The original chuck was an 80mm three jaw, which is a useful size, but I really needed something bigger. I have a 125mm four jaw that I have used for several years, on both the C-1 and C-2A but at 4.3Kg -it is definitely getting a struggle to swap out(!) I purchased a three jaw 100mm chuck at the Fosse -which will probably be the main chuck on this lathe. The drive stub on the C2A is a three hole with a diameter of 72mm and it uses three M8 bolts to fasten to the adaptor plate and attached chuck to it. I normally file “patch marks” into the chuck and plate to align them up to the drive stub.Initially these were simple file marks -nowadays I have cut V marks with a Dremel and filled them with paint. Sometimes it stays -but normally it rubs off.

Raw Stub Stub with 100mm Adaptor plate

The new chuck will have to have the back plate turned to fit the lathe -an annoying and fiddly operation. But once enough has been skimmed off the plate the rear of the chuck will slide cleanly over it and the plate and chuck are nutted into one.

Page 3: Pimping the C2A lathe. - GAUGE 3

There is also a “Keats Block” which I use only very rarely, as I confess that it is terrifying to see it going round, (the out of balance sway on the 45Kg lathe is unreal) -but on the other hand it will grip and hold just about anything… For very fine work, (axles & making tubes, etc), I have an ER32 collet chuck with which I will confess an extreme love hate relationship(!)

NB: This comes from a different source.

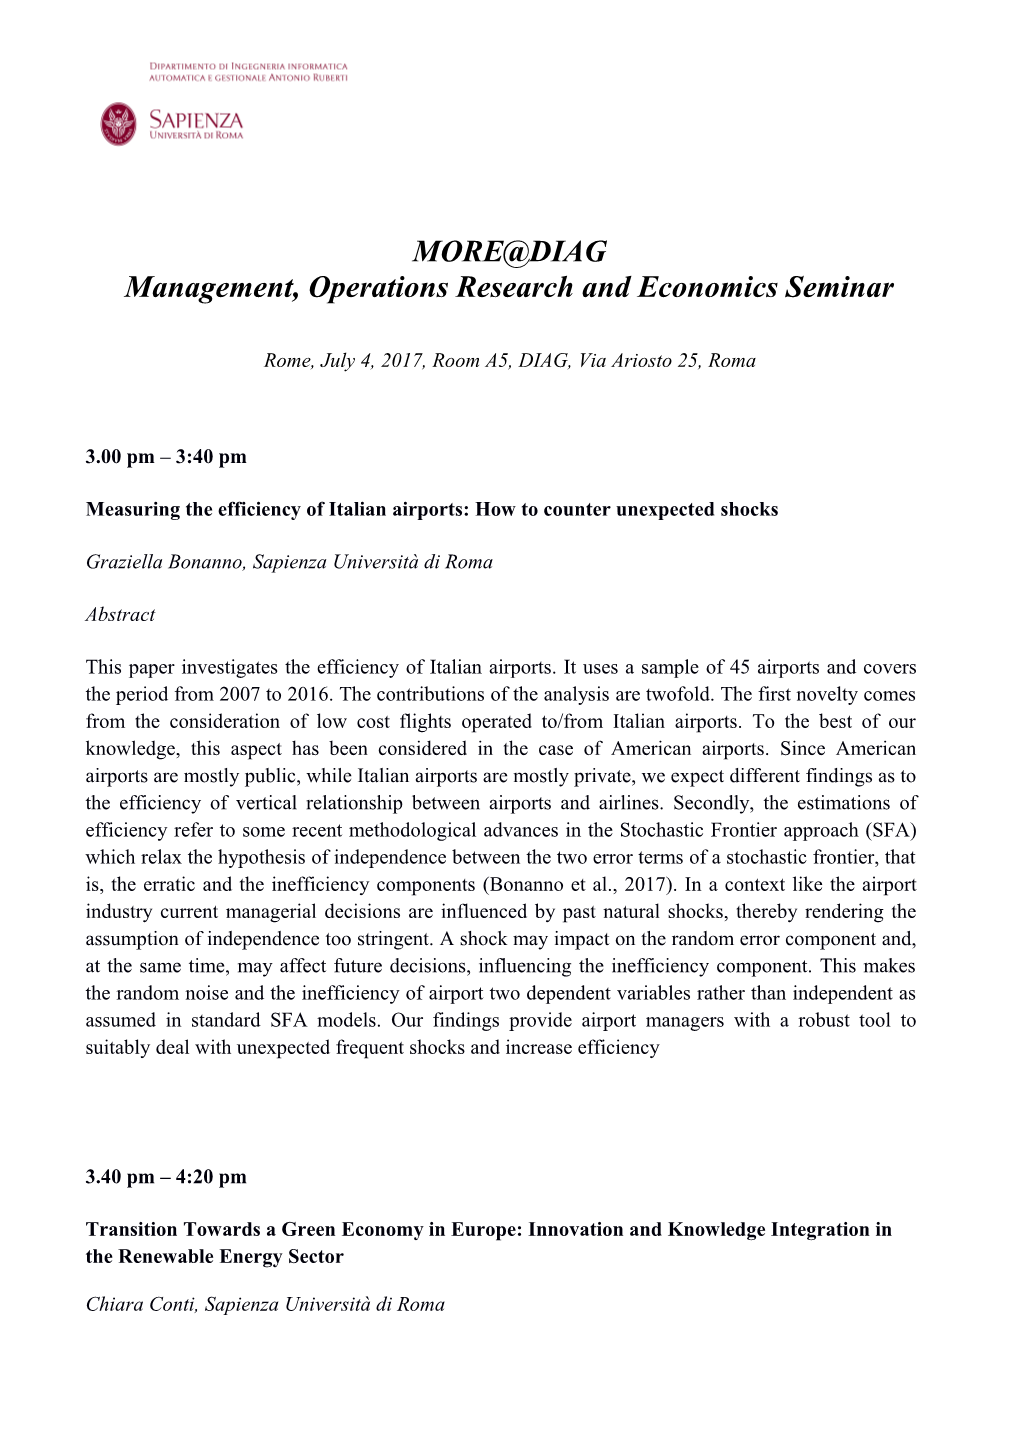 Management, Operations Research and Economics Seminar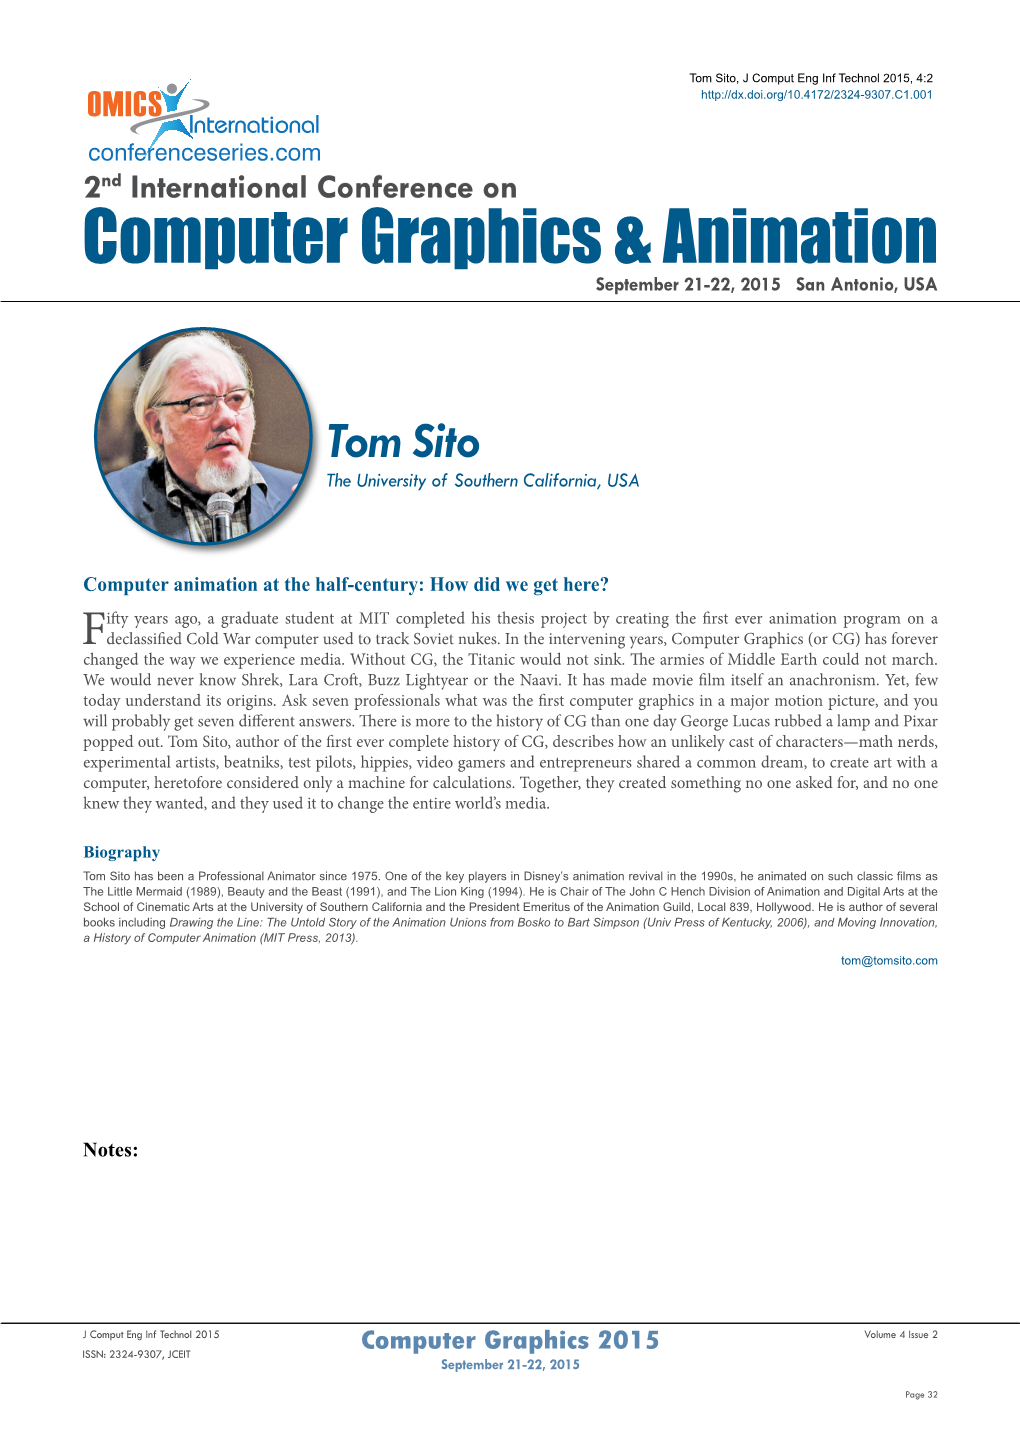 Computer Graphics & Animation

I have a collection of “toys” to put into my tail stock. As both the C-2A tail stock and the X-1 milling machine use MT2 fittings and they all have an M10 drawbar they find joint use. The most useful thing that have amongst them is the thread tap & die holder kit. Yes, I can get the same effect re-arranging the timing gears -but I find it far easier just to slot in the correct tap/die and watch the head stock creep along the bar. There is the boring head which I class as “useful but not essential”. It can produce accurate strange sized holes and exteriors -but good design work should eliminate the need for strange sizes...

I also have in the parts draw, the replacement bearing for the head stock. The ones supplied are std ball races -which work very well. The replacement ones are sealed angular captive ball bearings which will stabilize the shaft rather more than the current ball races. Other users have use open taper roller races, (which may be better), but are more difficult to fit. The back lash and greasing problems are major negative points for me. I got my sealed angular contact ball races off the Internet for £6 each -they are made by Dunlop. There were cheaper ones, (made by firms I had never heard of) and a pair of ceramic high speed centrifuge ones by SLM rated at 150k RPM and 180 Metric tonnes side loading that at £135 – even I deemed them excessive. (But it would still be “really cool” to have them fitted)…

The last major addition is one I have contemplated for several months -liquid cooling the cutting. I was raised in a household were my fathers overalls stank of “white water” from the machines he used and the machines he supervised users of. There is a “drain hole” in the base of the lathe to connect a liquid return to. This requires the assembly of a pump, a returns tank/filtration system andcoolant mix. The cheapest kit I could find to do this was £160. Then, (as it does), YouTube came to my rescue. It showed metal cutting under a SPRAY MIST of coolant. This looked more like what I was looking for and so I investigated Ebay. Yes, it was a lot cheaper than the “Pukkha” pumped liquid cooling and at £5 -it seemed worth a punt. It looks like a simple spray nozzle and pick up tube. Experiments with the amount of air pressure required versus the amount of “bleed” from the coolant supply have been embarrassing…

Varying from a 60PSI water pistol to a choking fog. But I “think” that about 10PSI and a very slow rate is what I am trying to aim for…If this works out then another one for the X-1 Mill will be ordered.